What you have to do:
Return every line below as is, leaving out the pictures.

Stored data:
=======
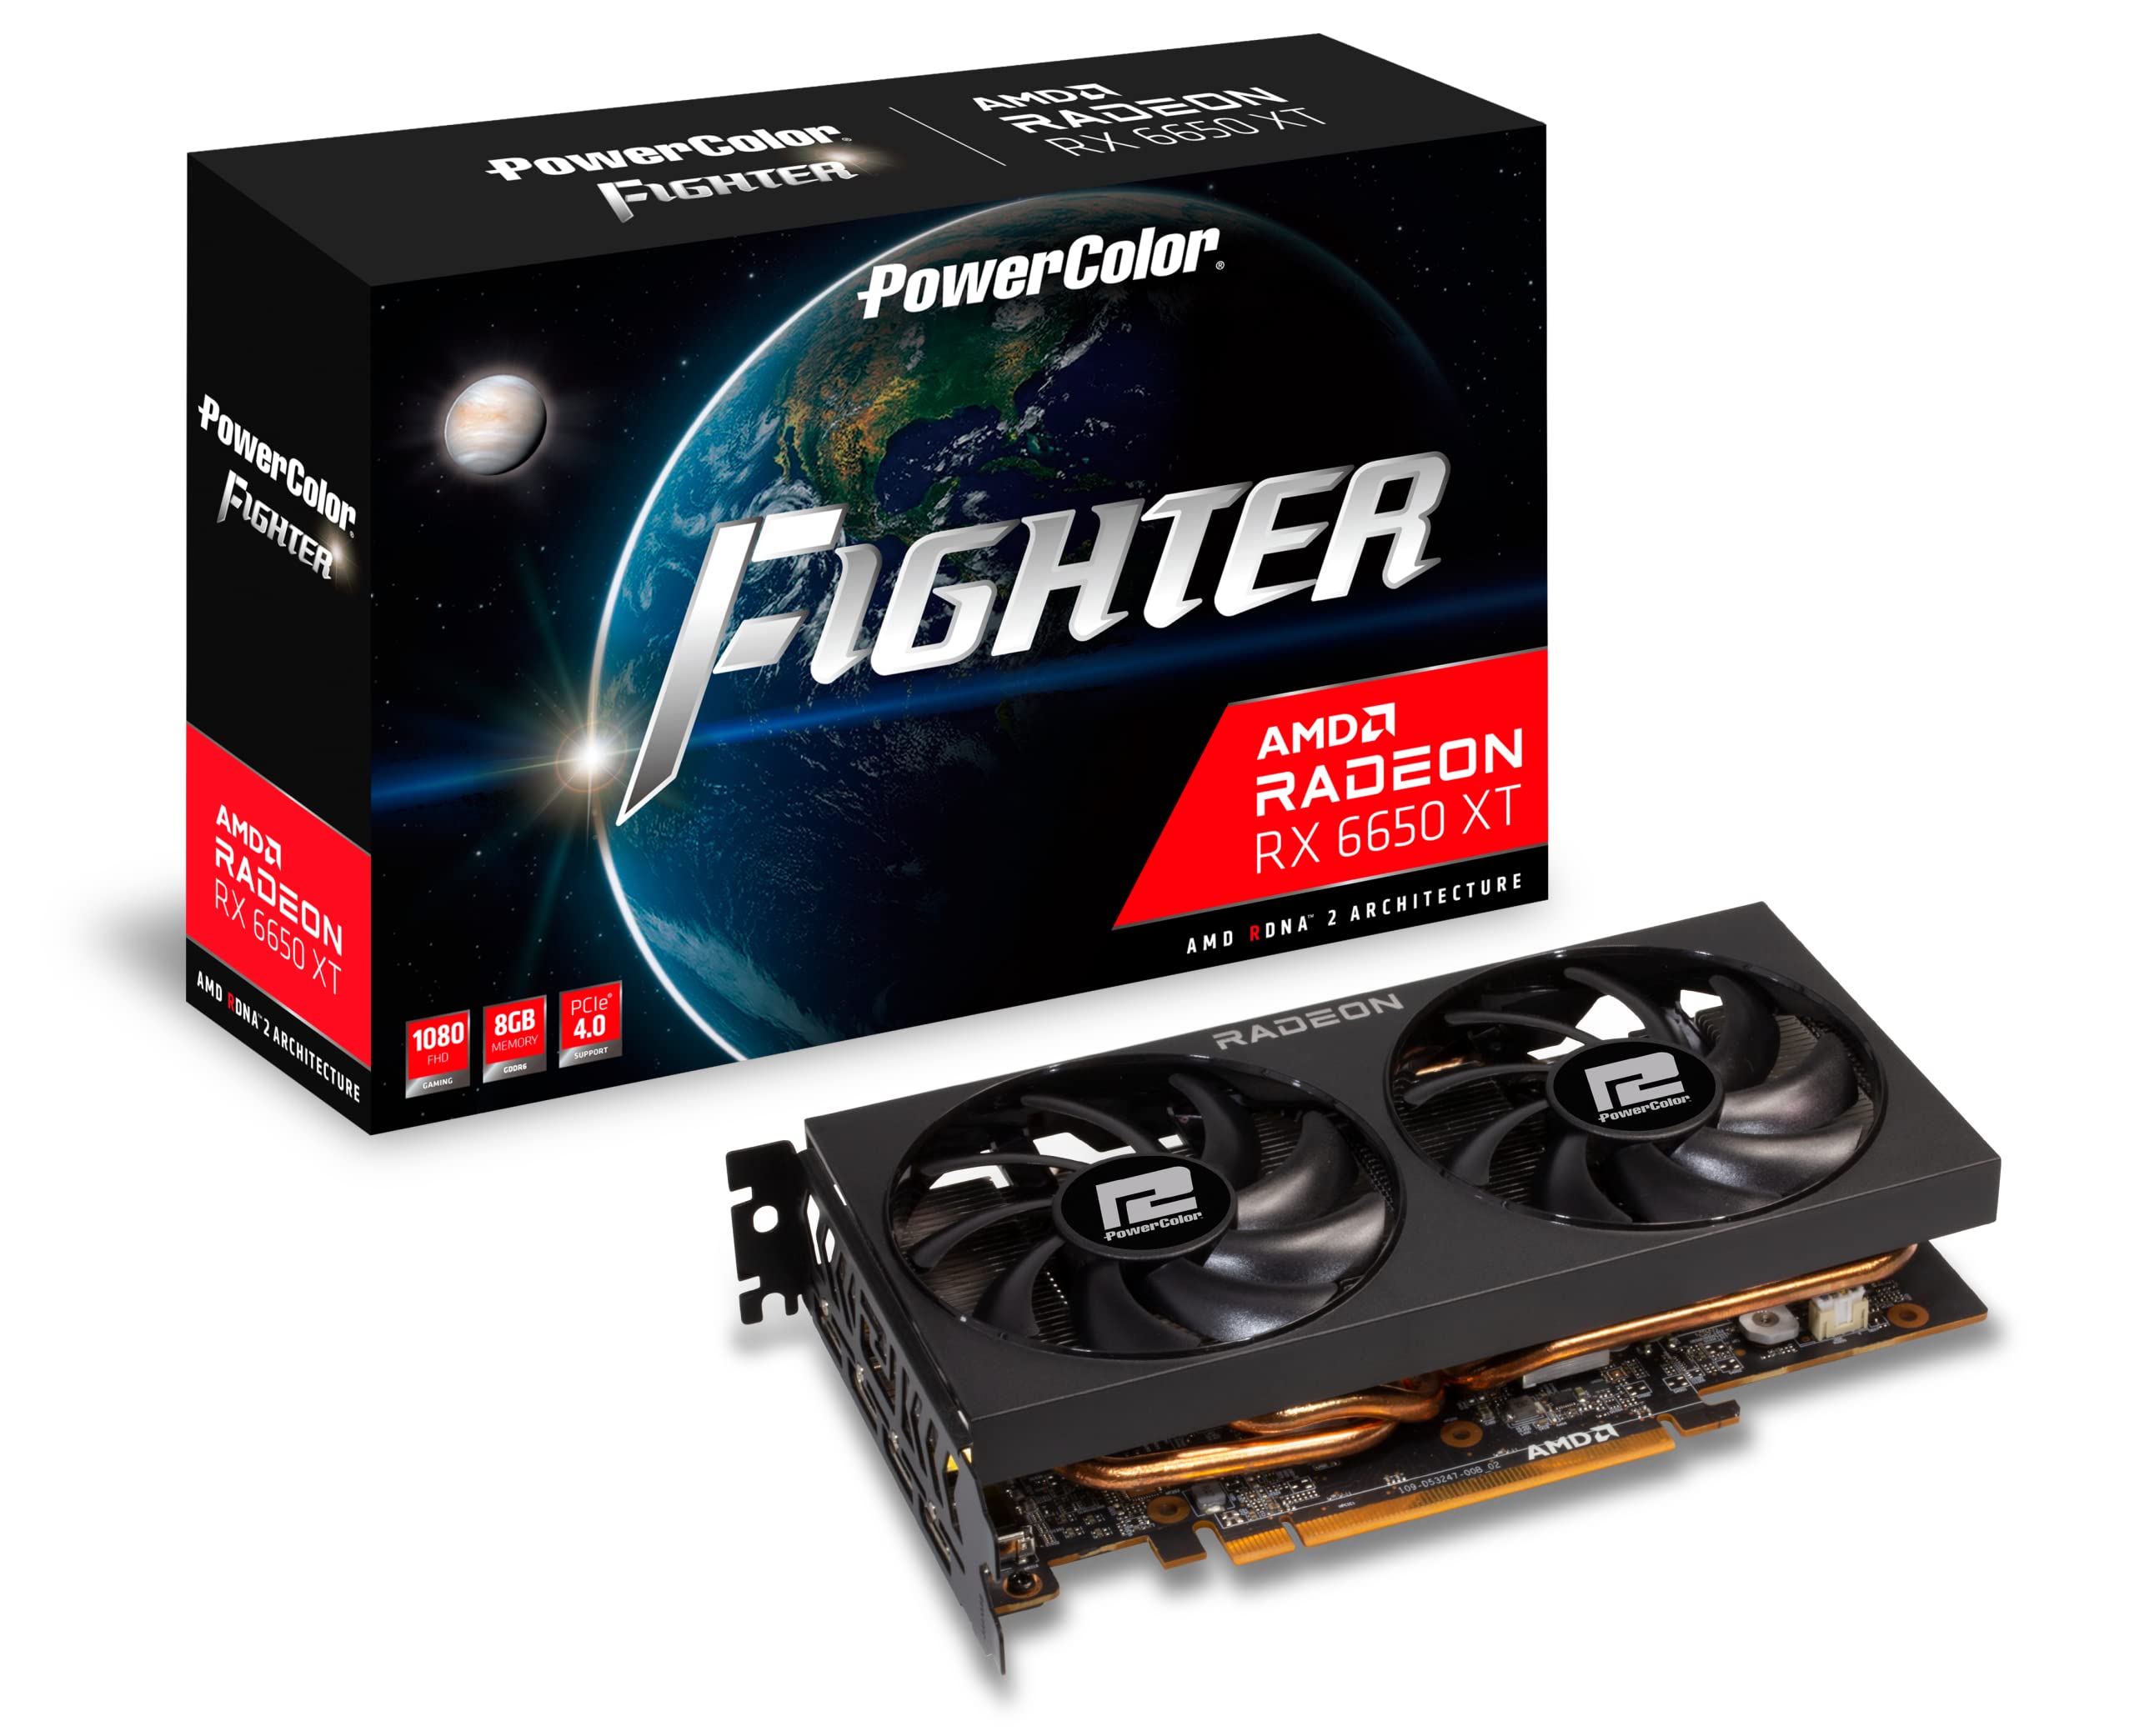 PowerColor Fighter AMD Radeon RX 6650 XT グラフィックカード 8GB GDDR6メモリ付き並行輸入品
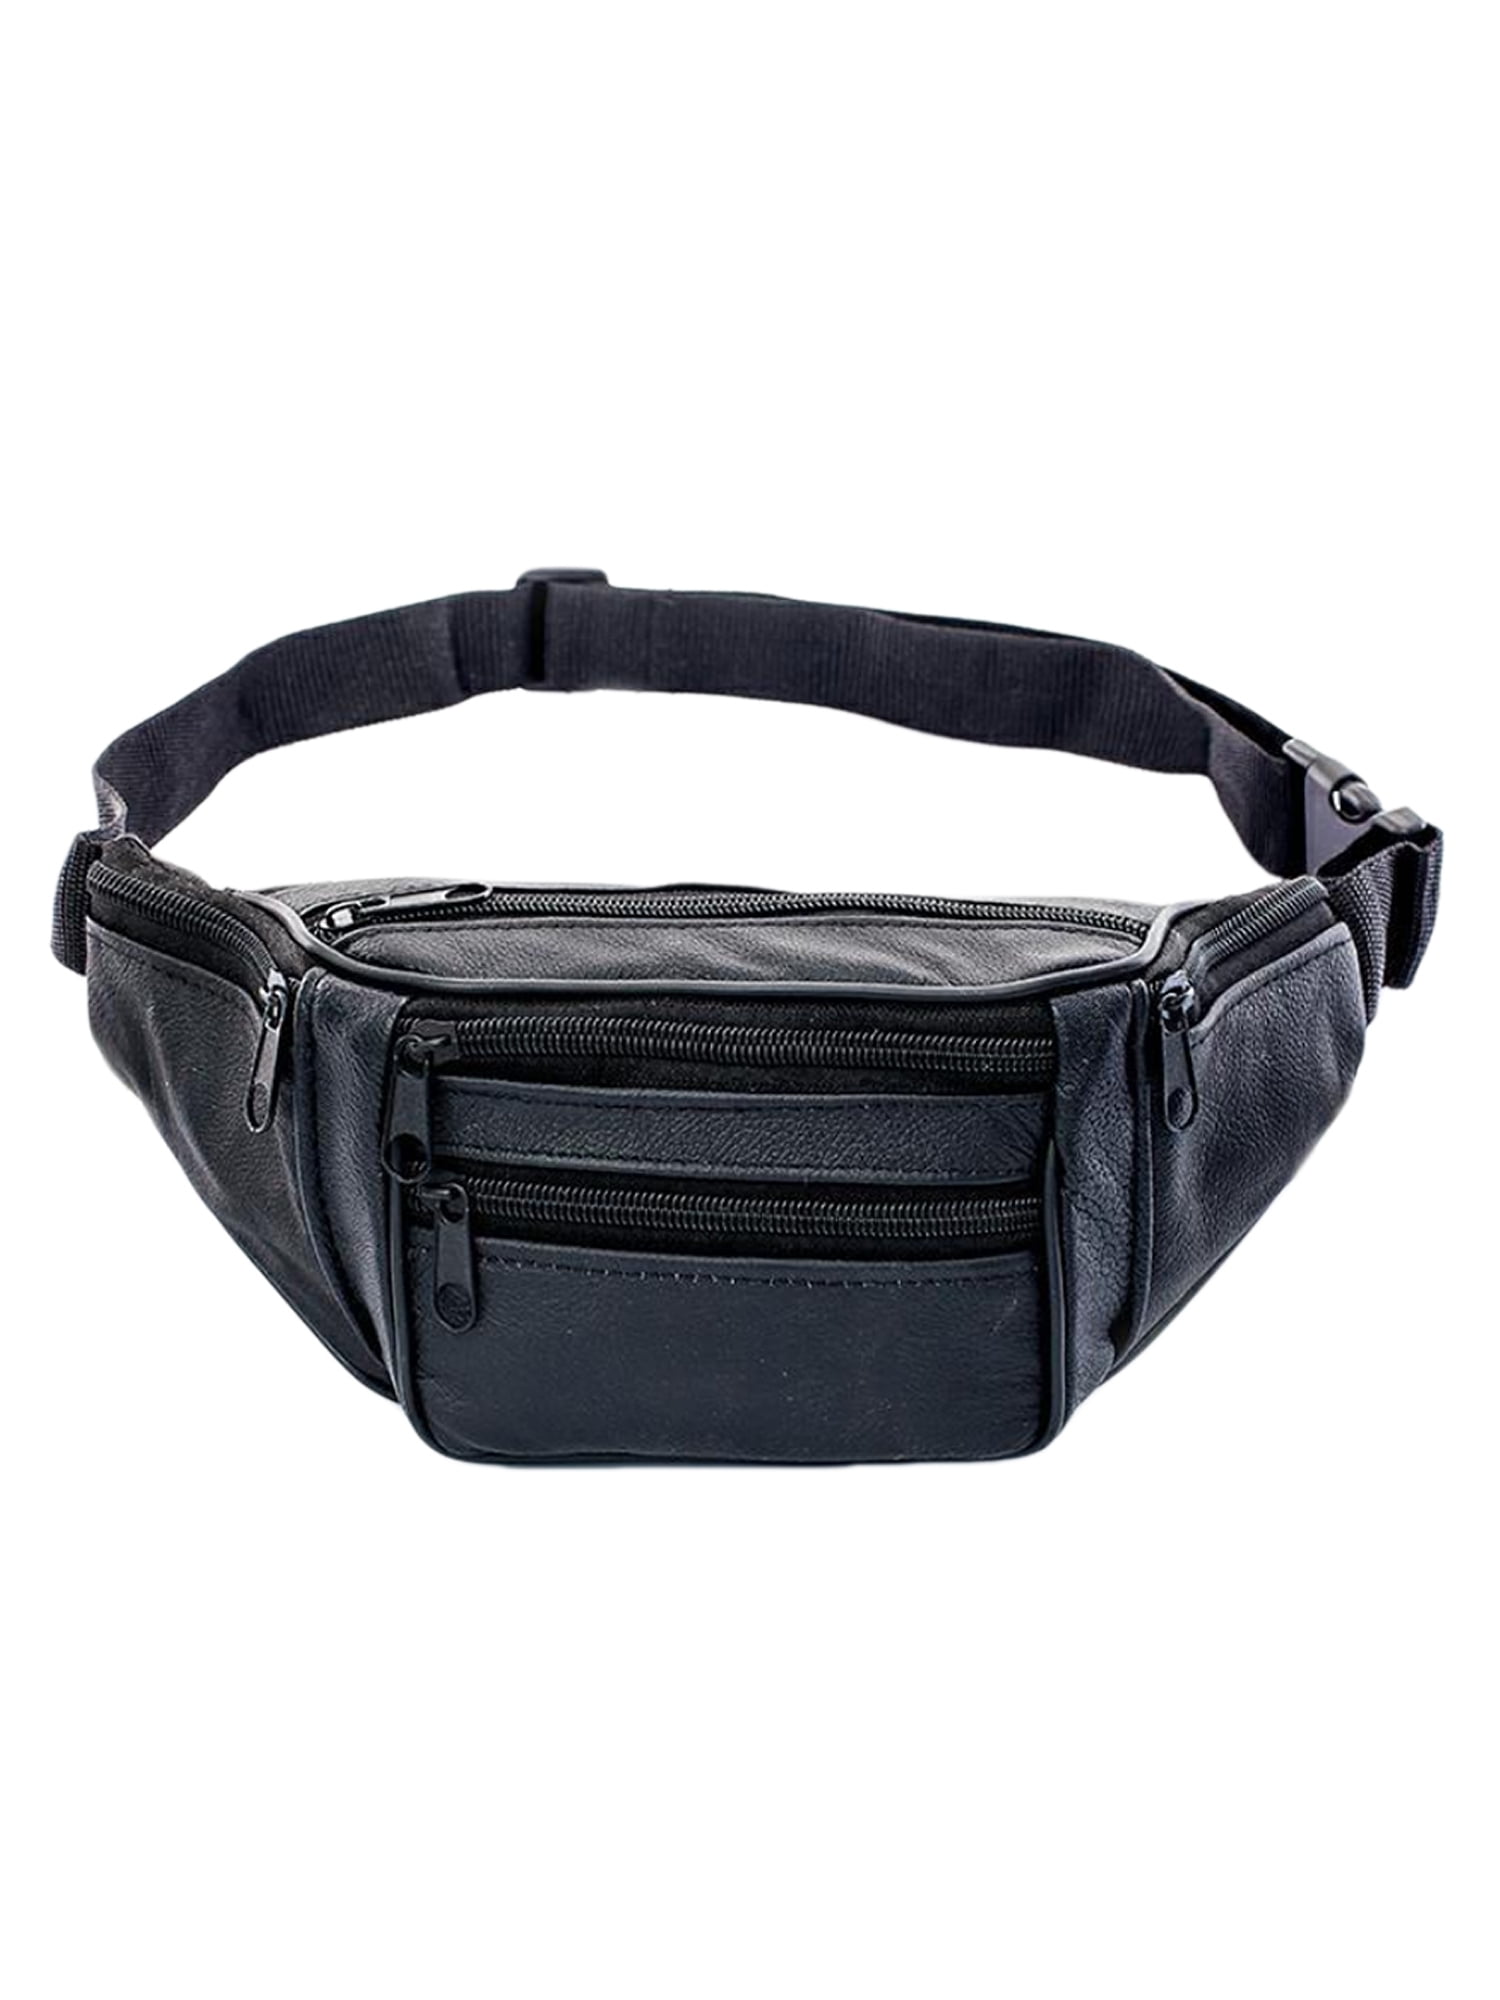 Women's Waist Fanny Pack Belt Bag Pouch Travel Zip Hip Purse Crossbody Handbags 
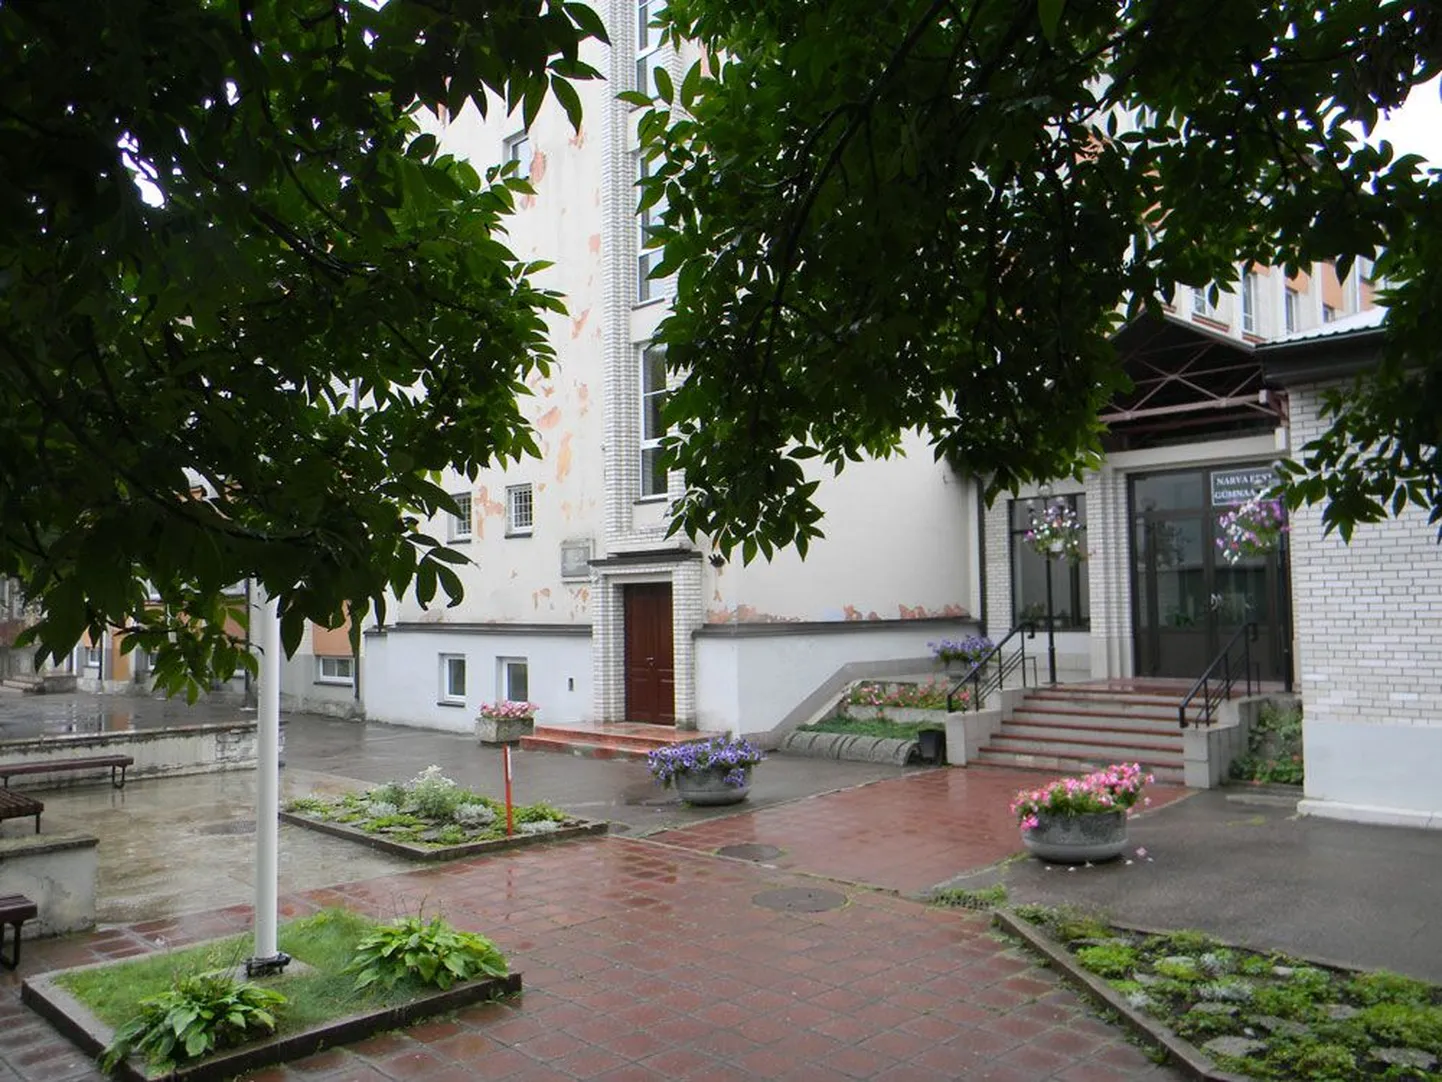 Narva eesti gümnaasiumi hoones peaksid uue plaani järgi 2014. aasta 1. septembril õppima asuma vaid põhikooliõpilased, mõlema kooli gümnasistid aga selle kõrval paiknevas vanalinna gümnaasiumi hoones.
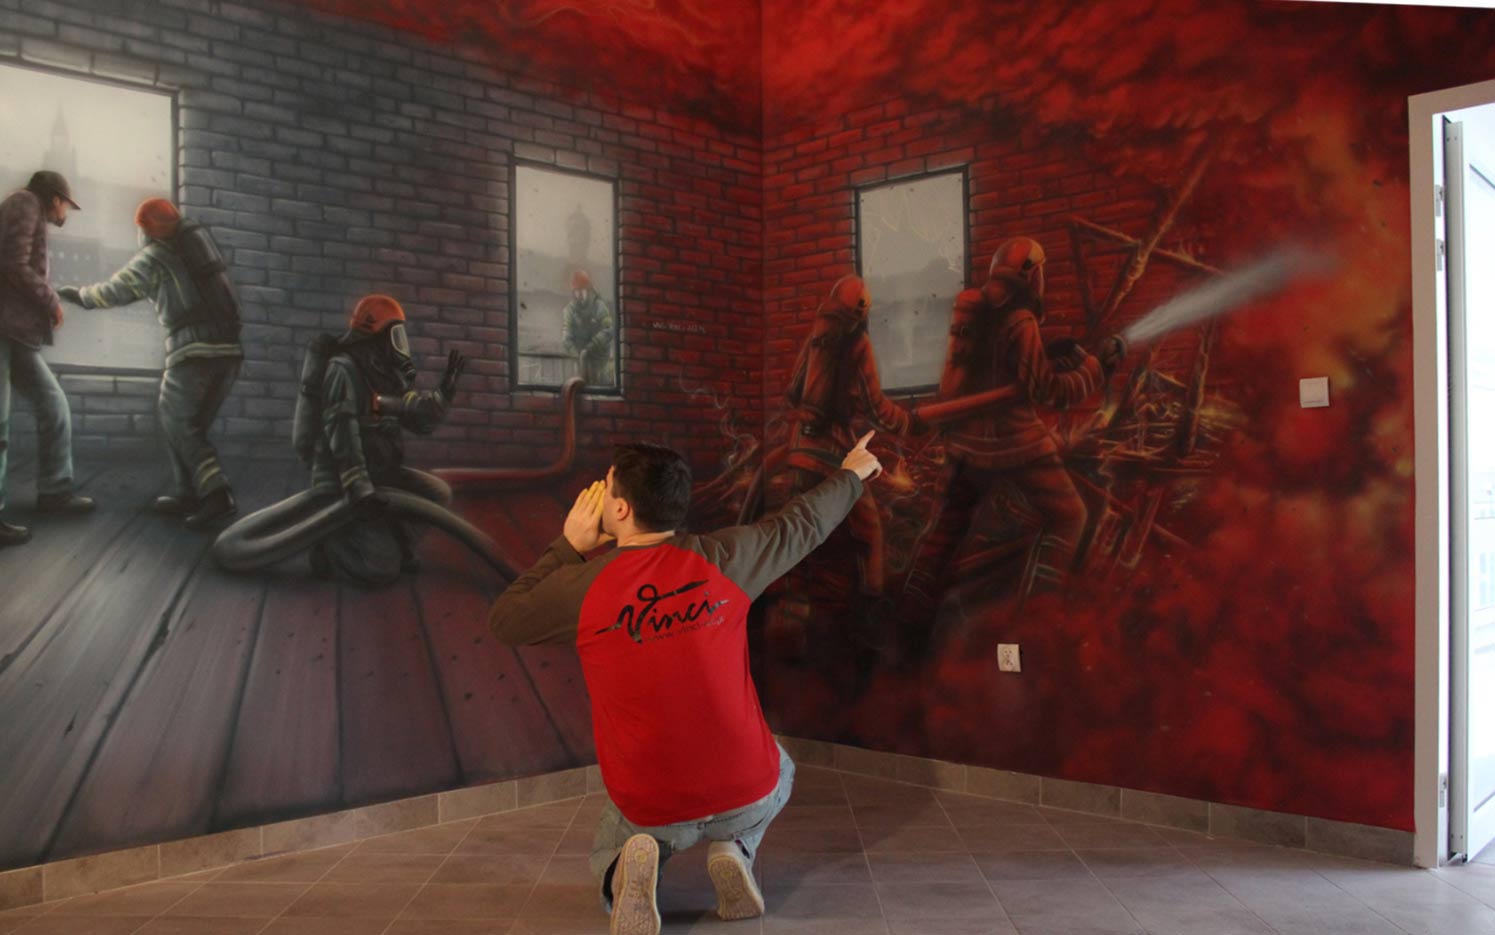 straż pożarna, malowidło na ścianie, mural
=======
Answer space:
 PowerColor Fighter AMD Radeon RX 6650 XT グラフィックカード 8GB GDDR6メモリ付き並行輸入品
 Women's Waist Fanny Pack Belt Bag Pouch Travel Zip Hip Purse Crossbody Handbags 
 Narva eesti gümnaasiumi hoones peaksid uue plaani järgi 2014. aasta 1. septembril õppima asuma vaid põhikooliõpilased, mõlema kooli gümnasistid aga selle kõrval paiknevas vanalinna gümnaasiumi hoones.
 straż pożarna, malowidło na ścianie, mural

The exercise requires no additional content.